** TASK DESCRIPTION **
Once "Elections chapter one" turns up in a line below, reproduce that line and those after it exactly, stopping after the line with "a photo of six"; leave pictures out.

** RECORDS FOR THE TASK **
--- START ---

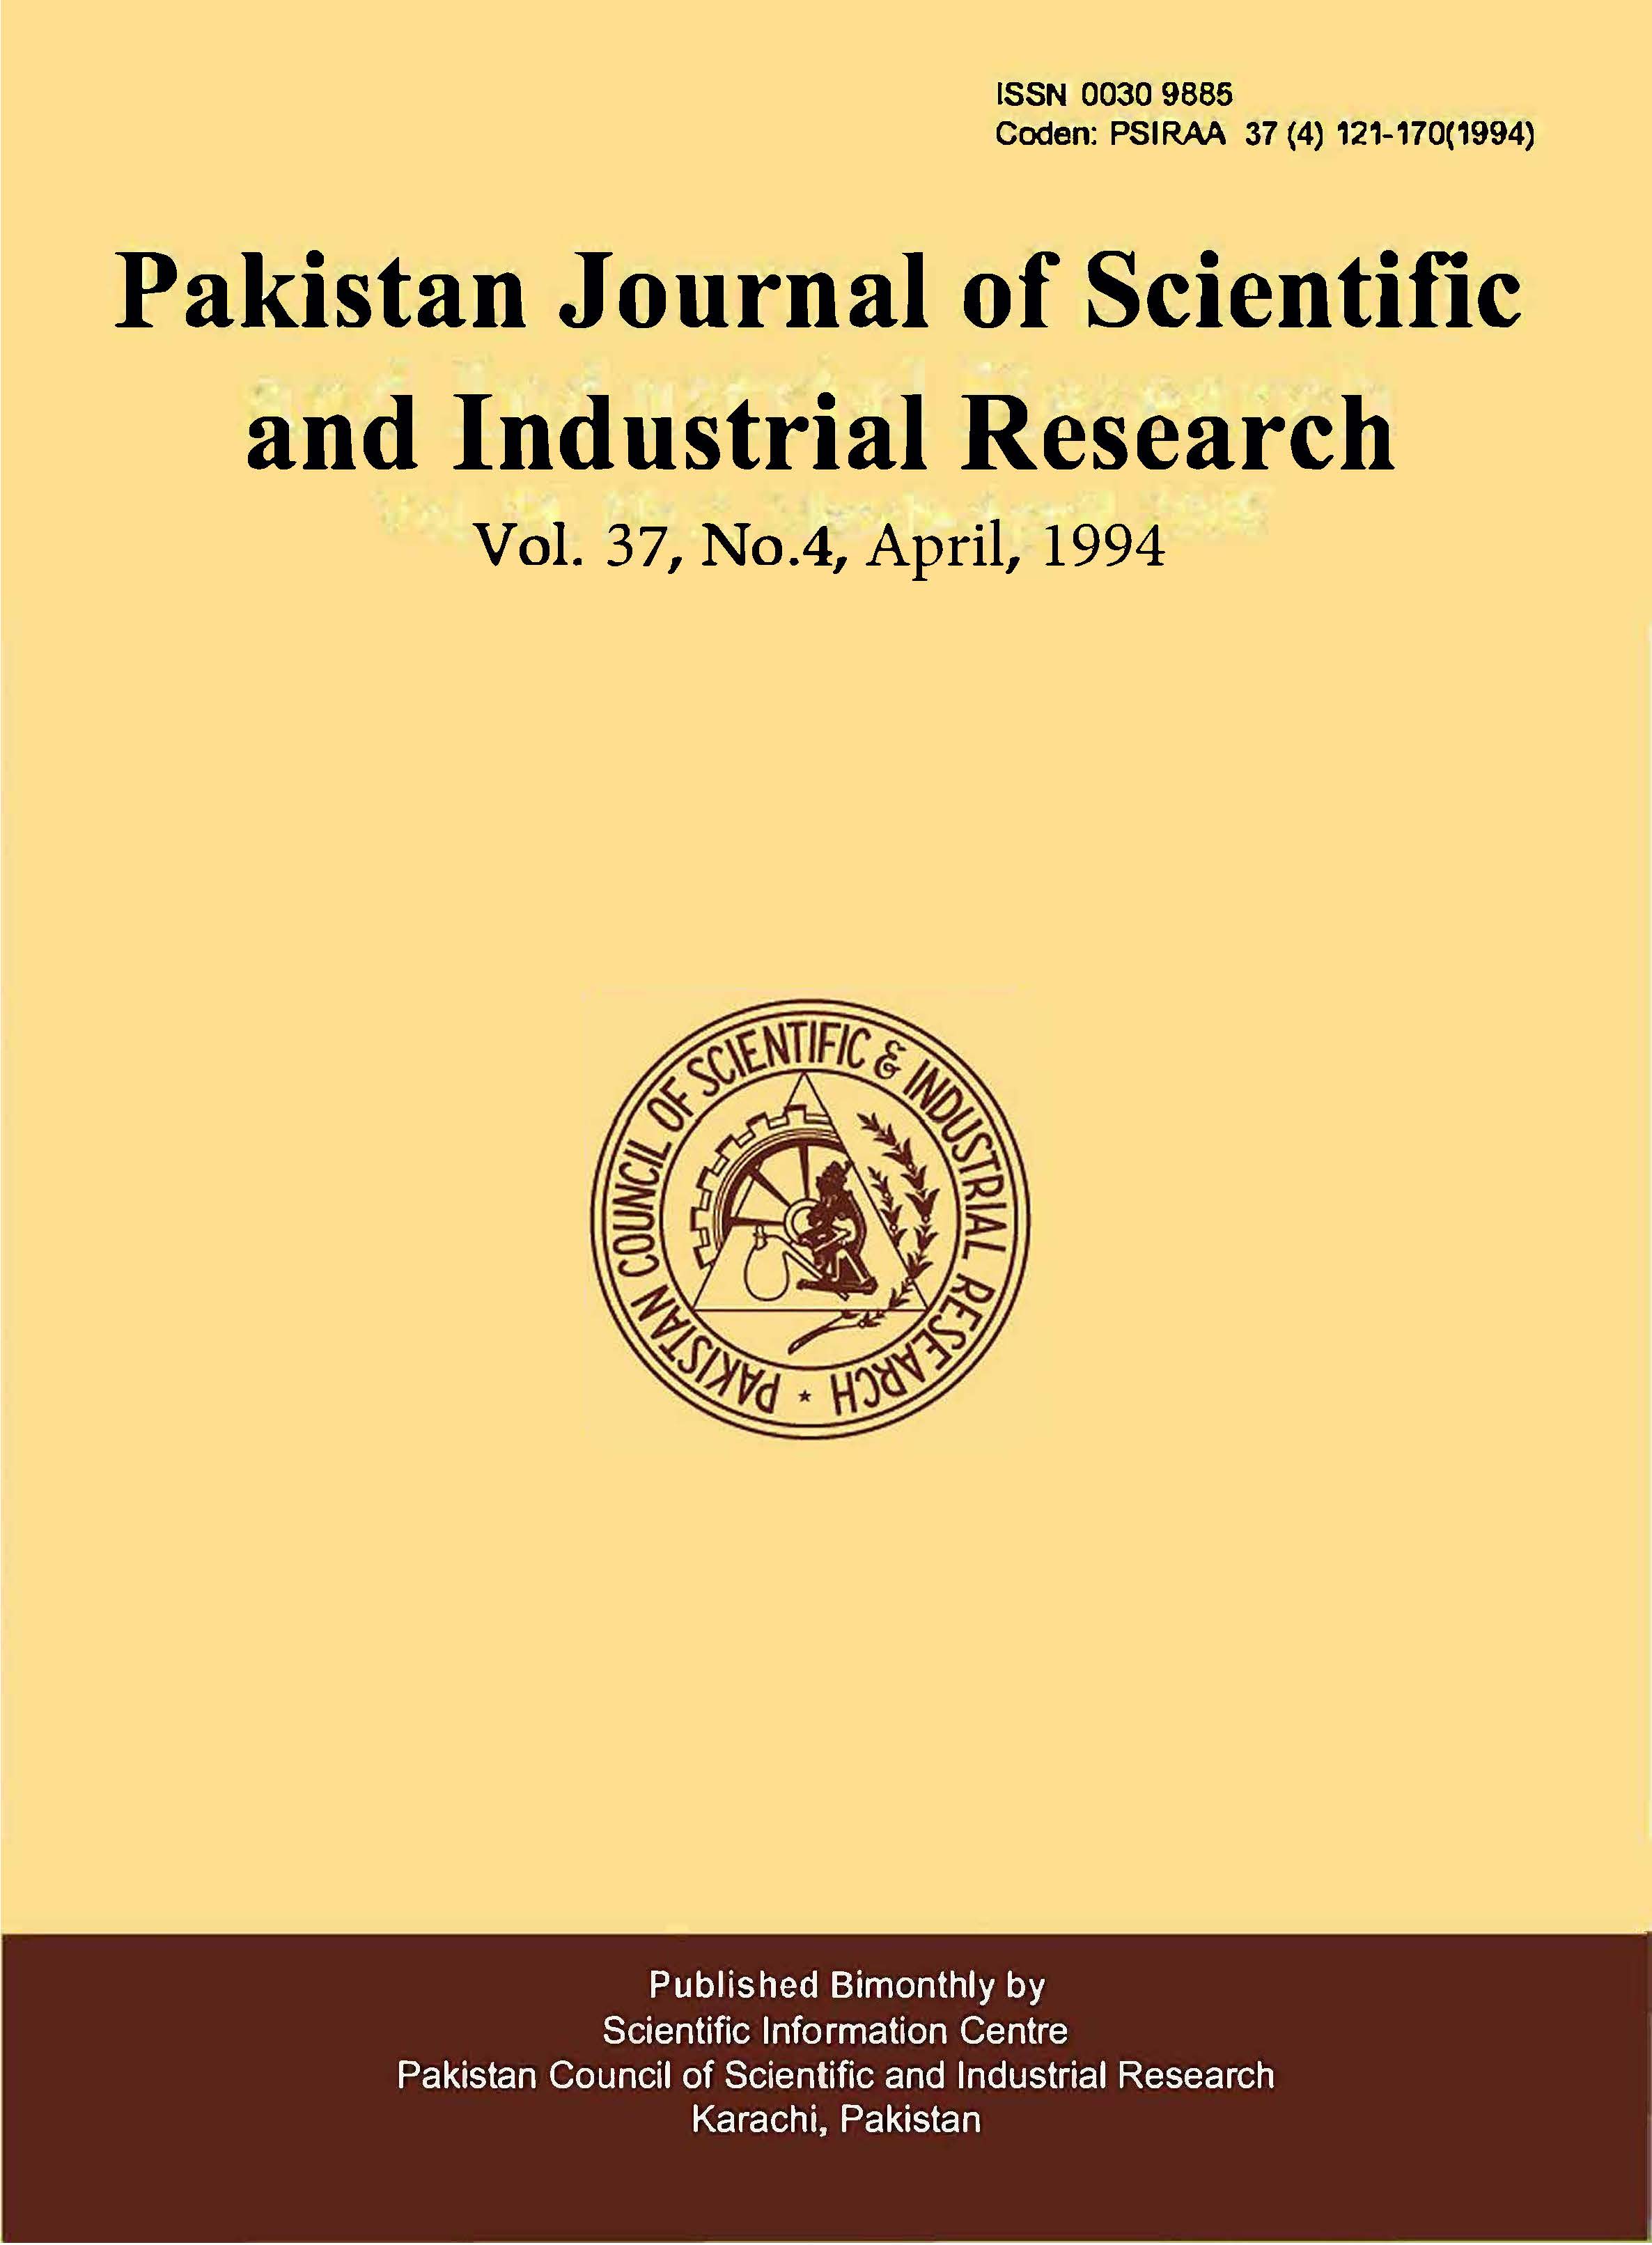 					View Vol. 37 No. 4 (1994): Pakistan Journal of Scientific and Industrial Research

--- END ---
--- START ---

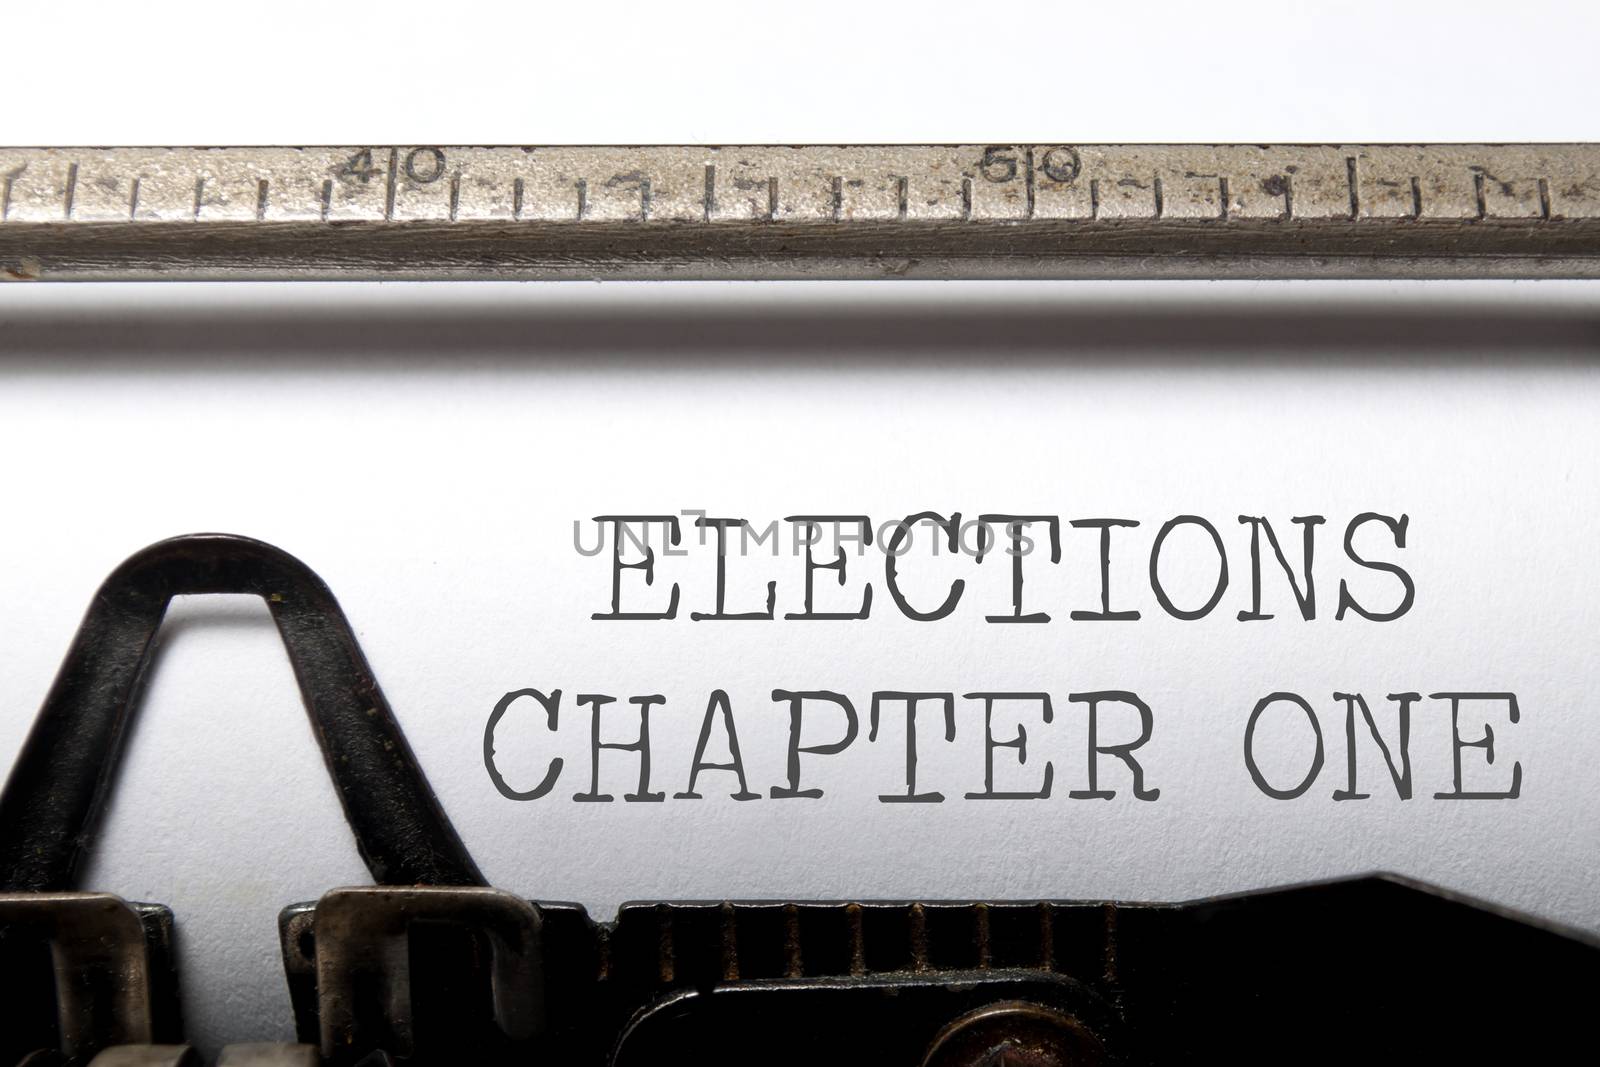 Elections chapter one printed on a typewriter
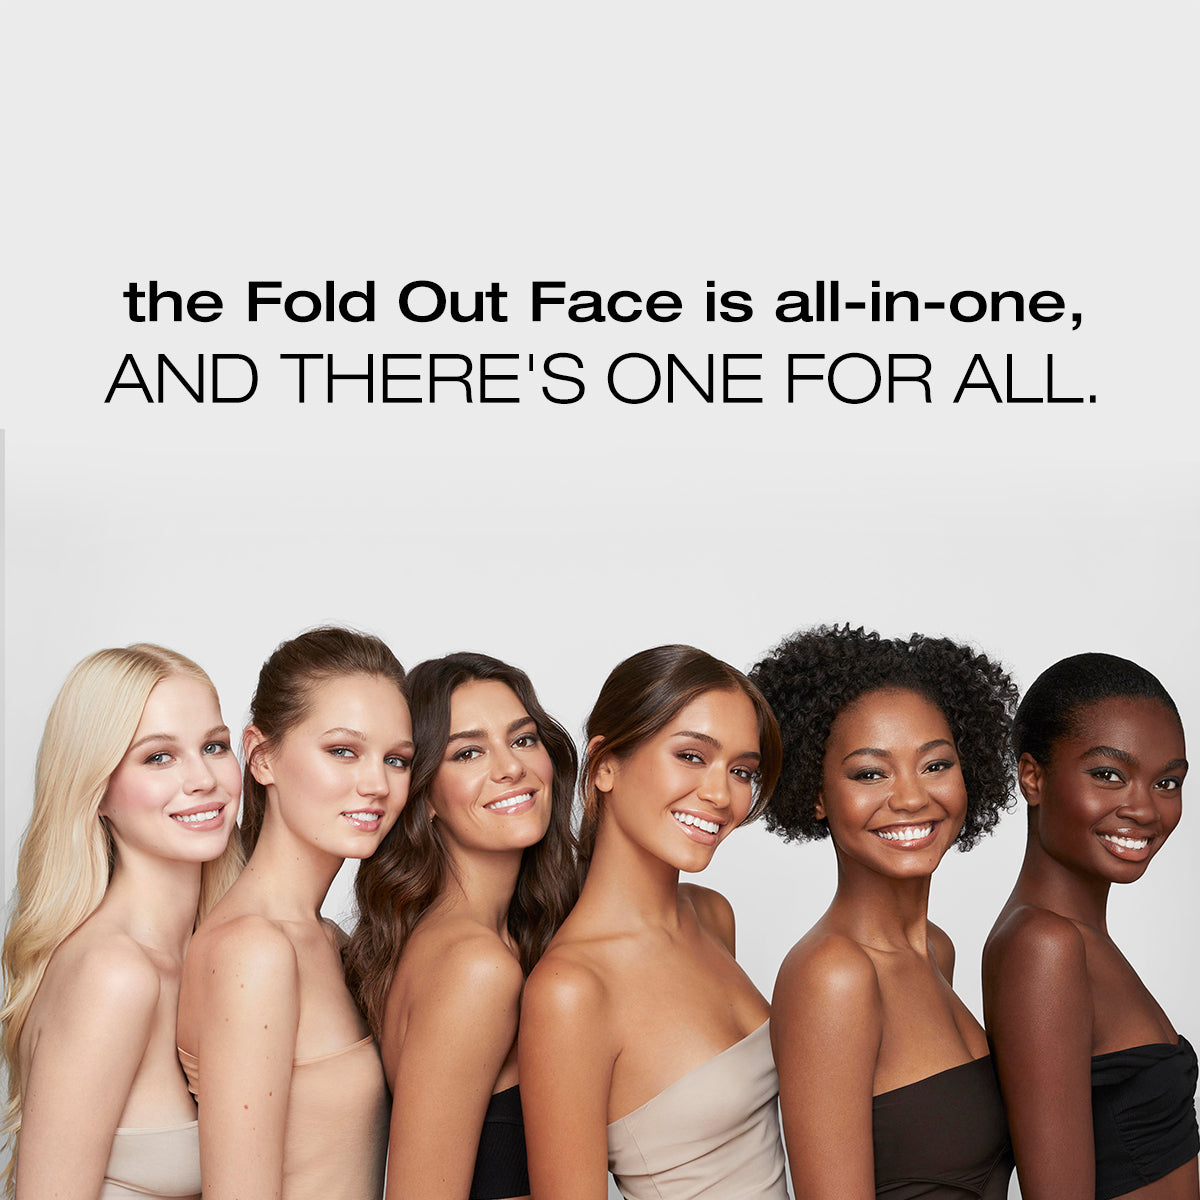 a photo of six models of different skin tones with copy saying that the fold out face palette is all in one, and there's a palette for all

--- END ---
--- START ---

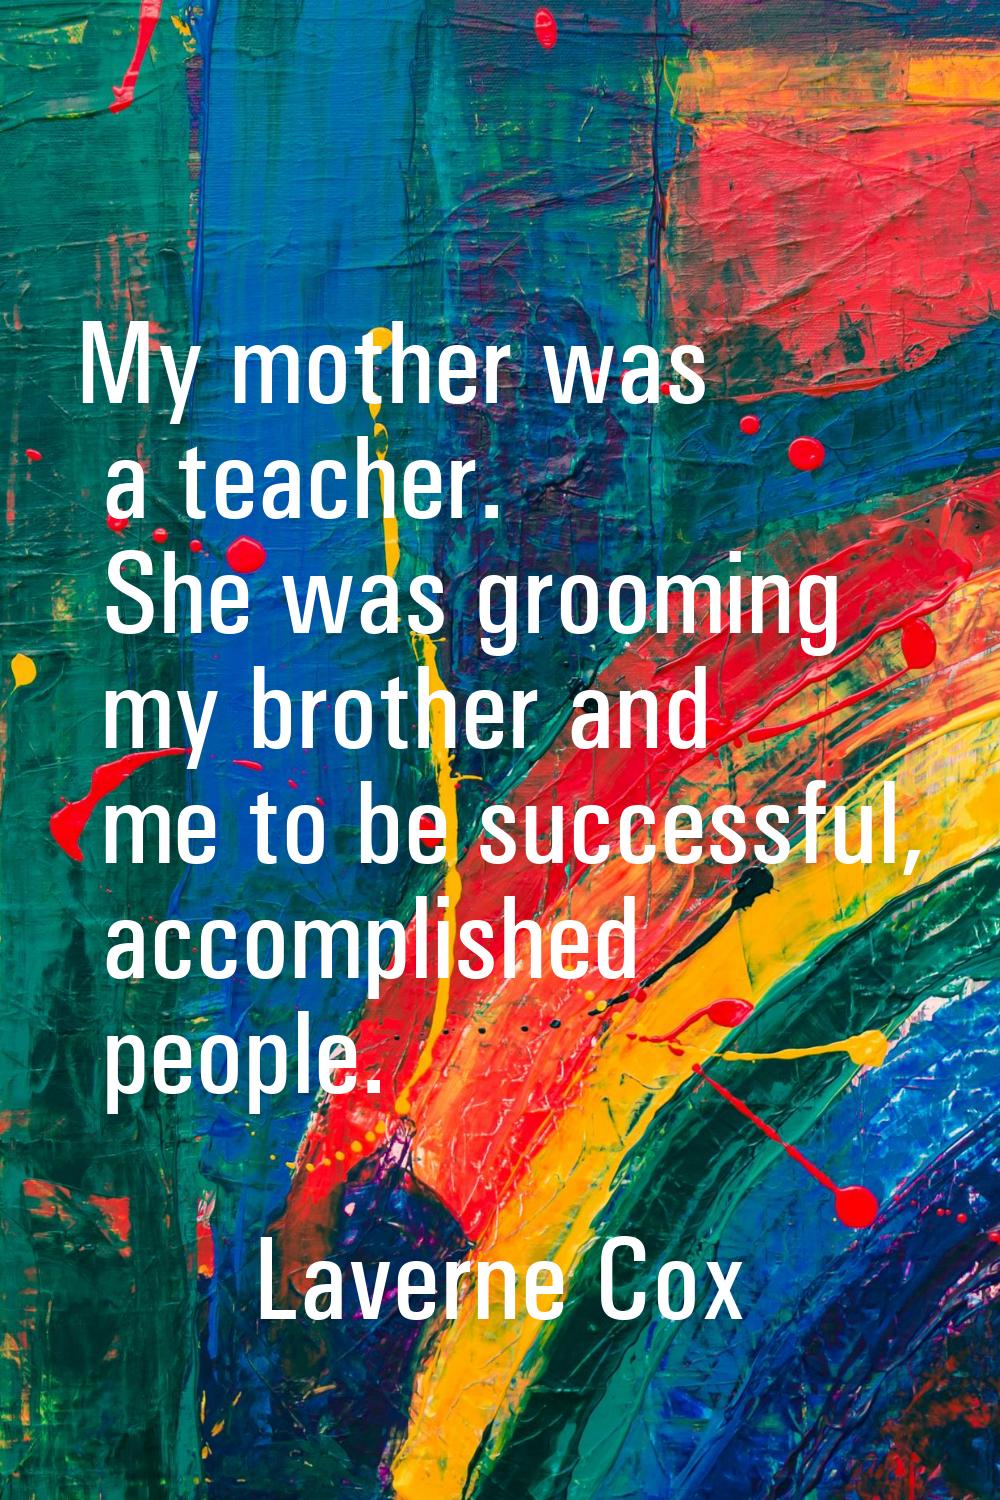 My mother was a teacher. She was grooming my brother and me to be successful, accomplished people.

--- END ---

** EXERCISE ANSWER **
 Elections chapter one printed on a typewriter
 a photo of six models of different skin tones with copy saying that the fold out face palette is all in one, and there's a palette for all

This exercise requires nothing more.